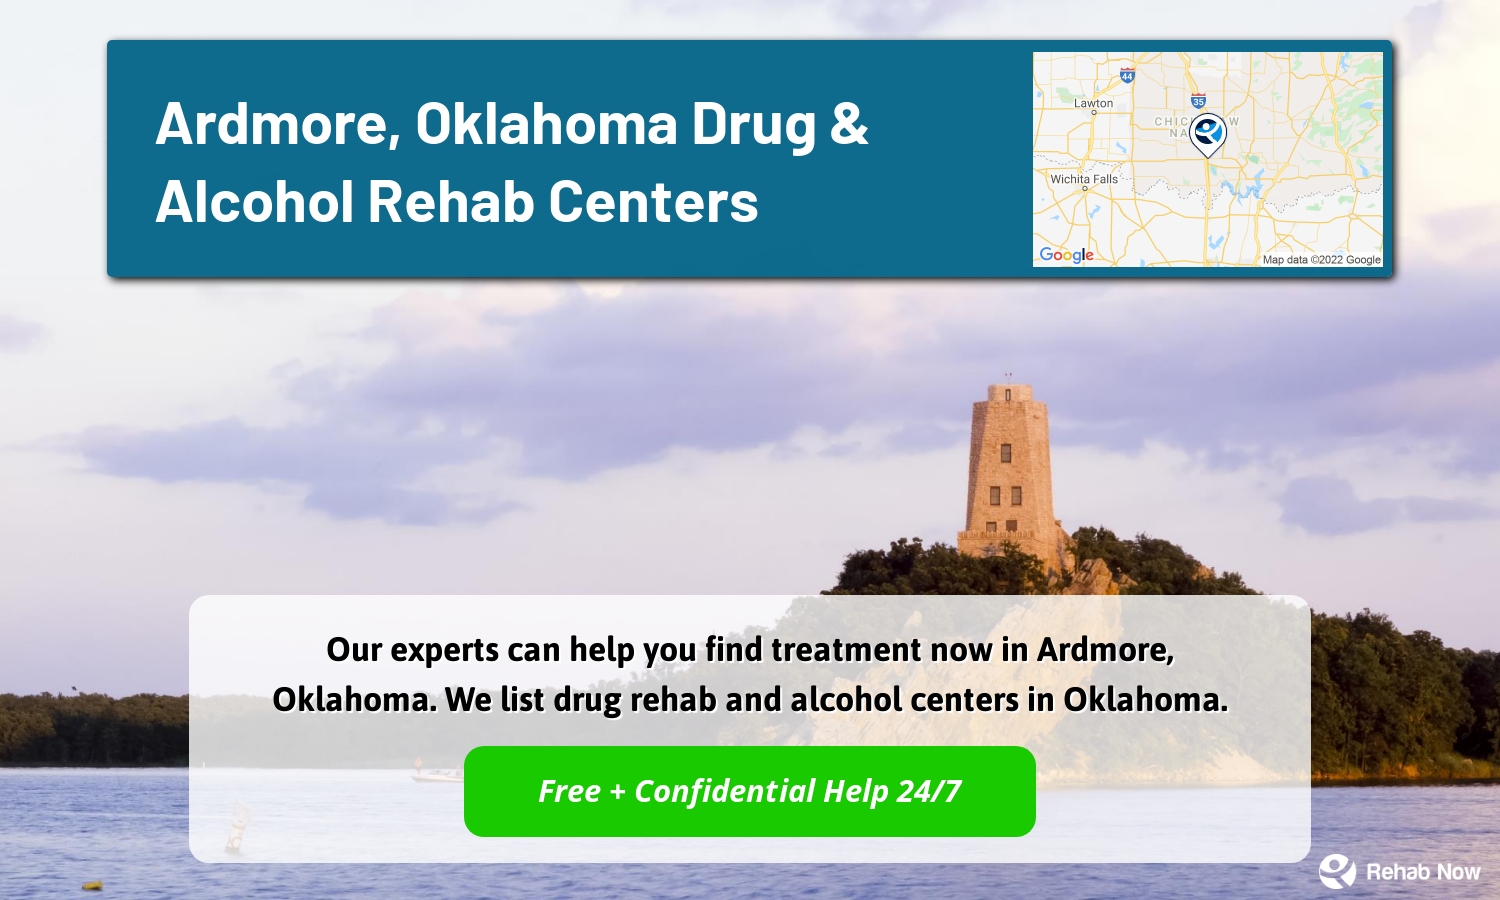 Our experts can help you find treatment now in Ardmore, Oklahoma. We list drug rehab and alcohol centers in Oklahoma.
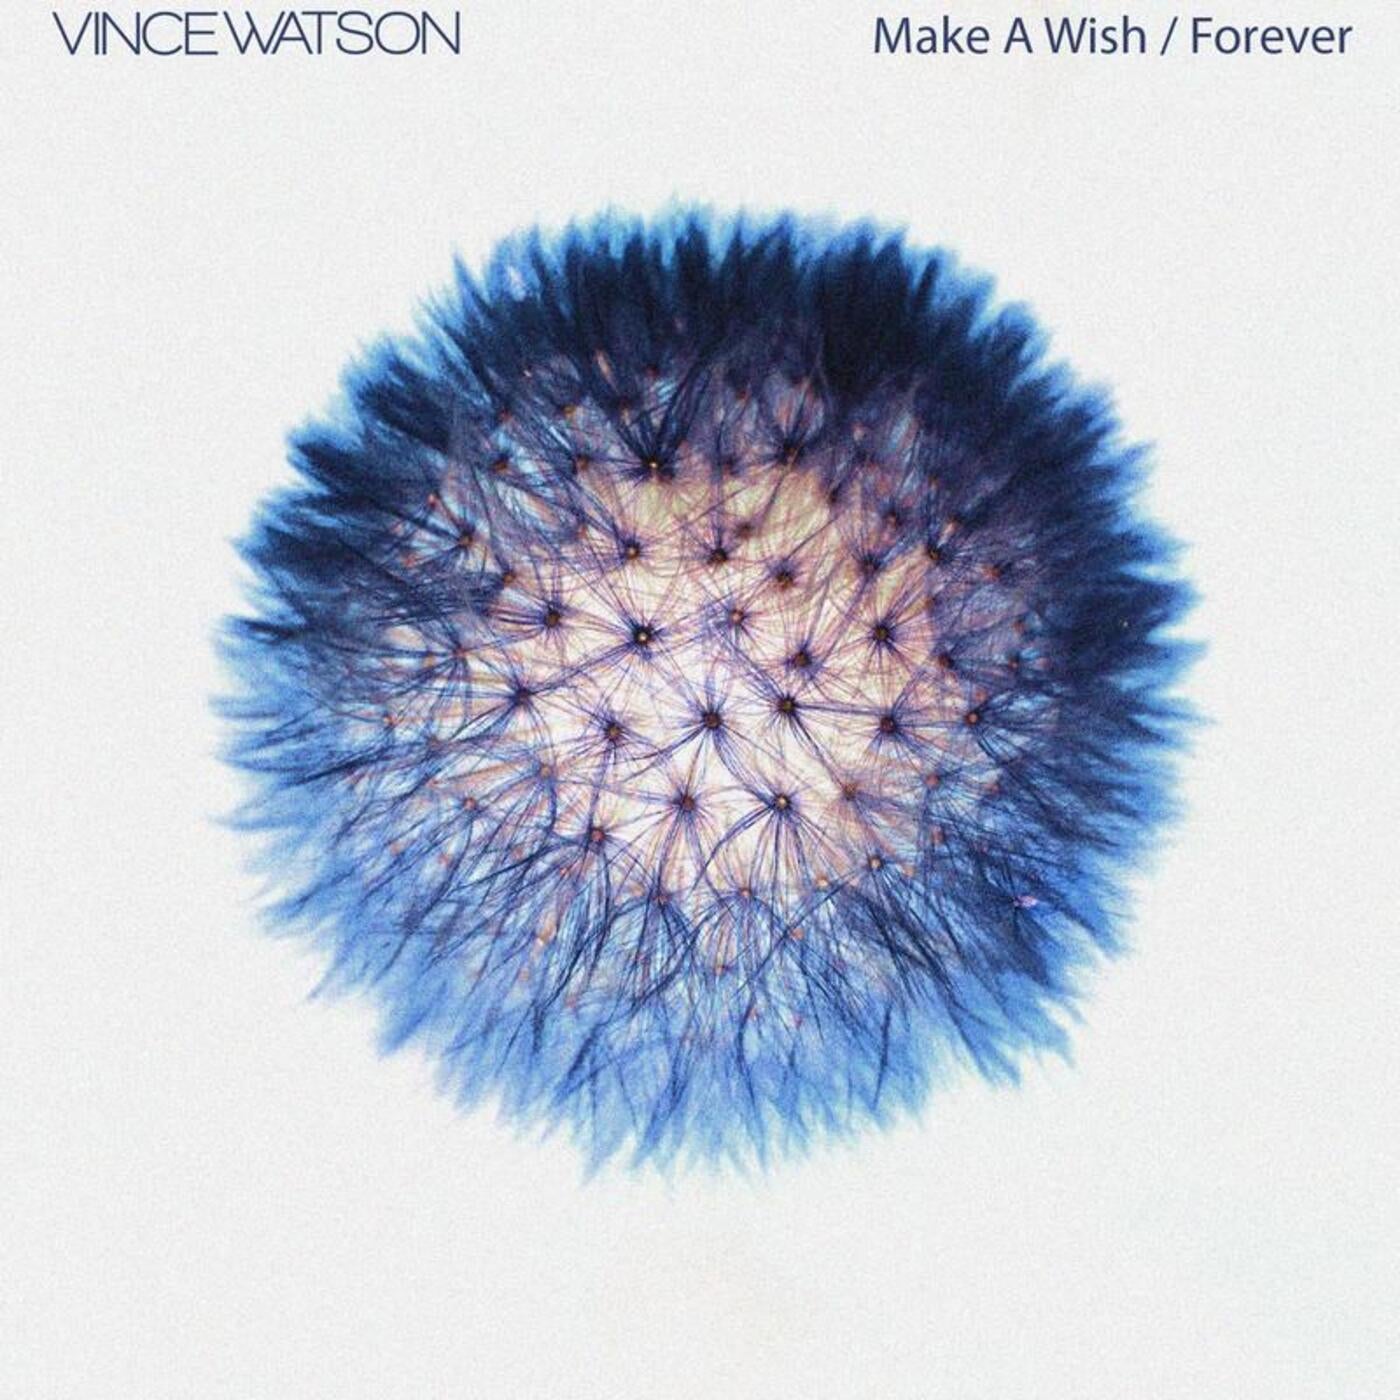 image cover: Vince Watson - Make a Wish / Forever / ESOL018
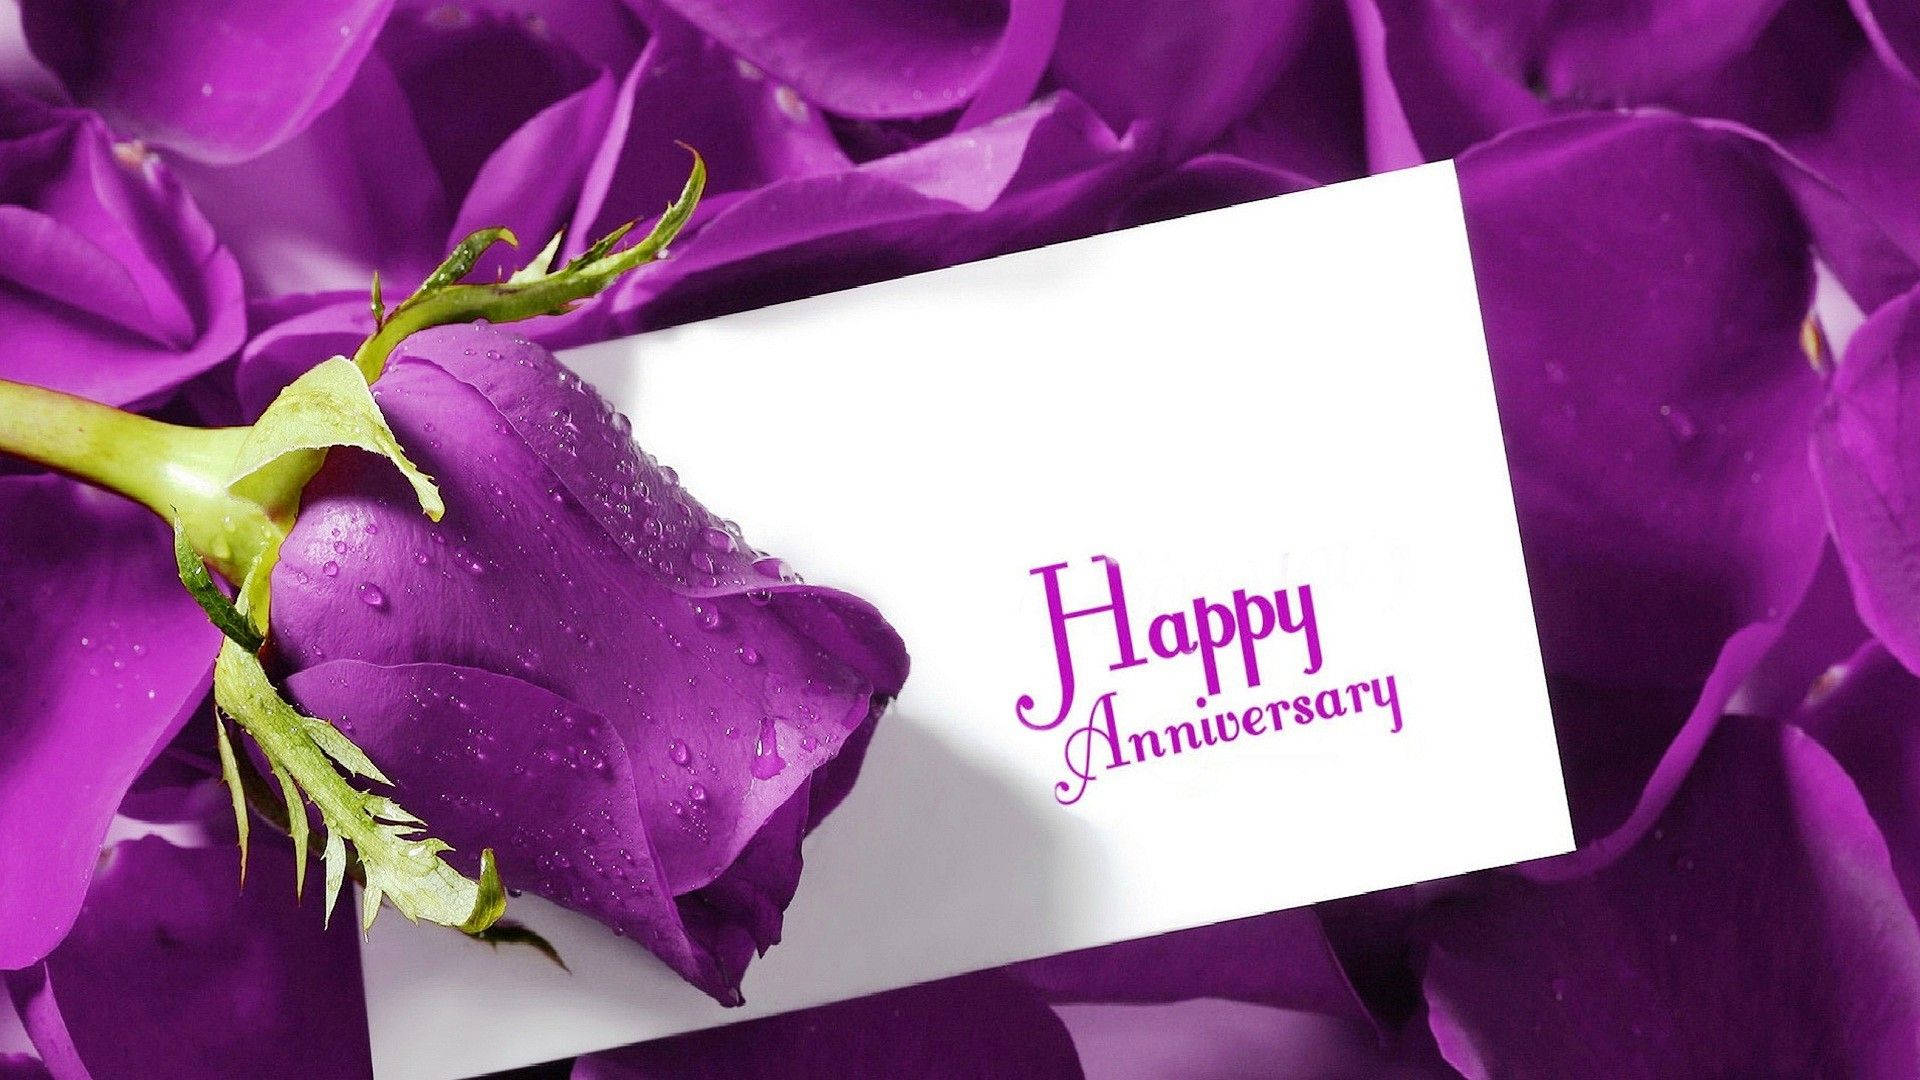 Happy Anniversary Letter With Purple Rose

══════════════════════════════

TASK:
Repeat the listing exactly; do not print any picture.

WRITTEN RESPONSE:
 Our experts can help you find treatment now in Ardmore, Oklahoma. We list drug rehab and alcohol centers in Oklahoma.
 image cover: Vince Watson - Make a Wish / Forever / ESOL018
 Happy Anniversary Letter With Purple Rose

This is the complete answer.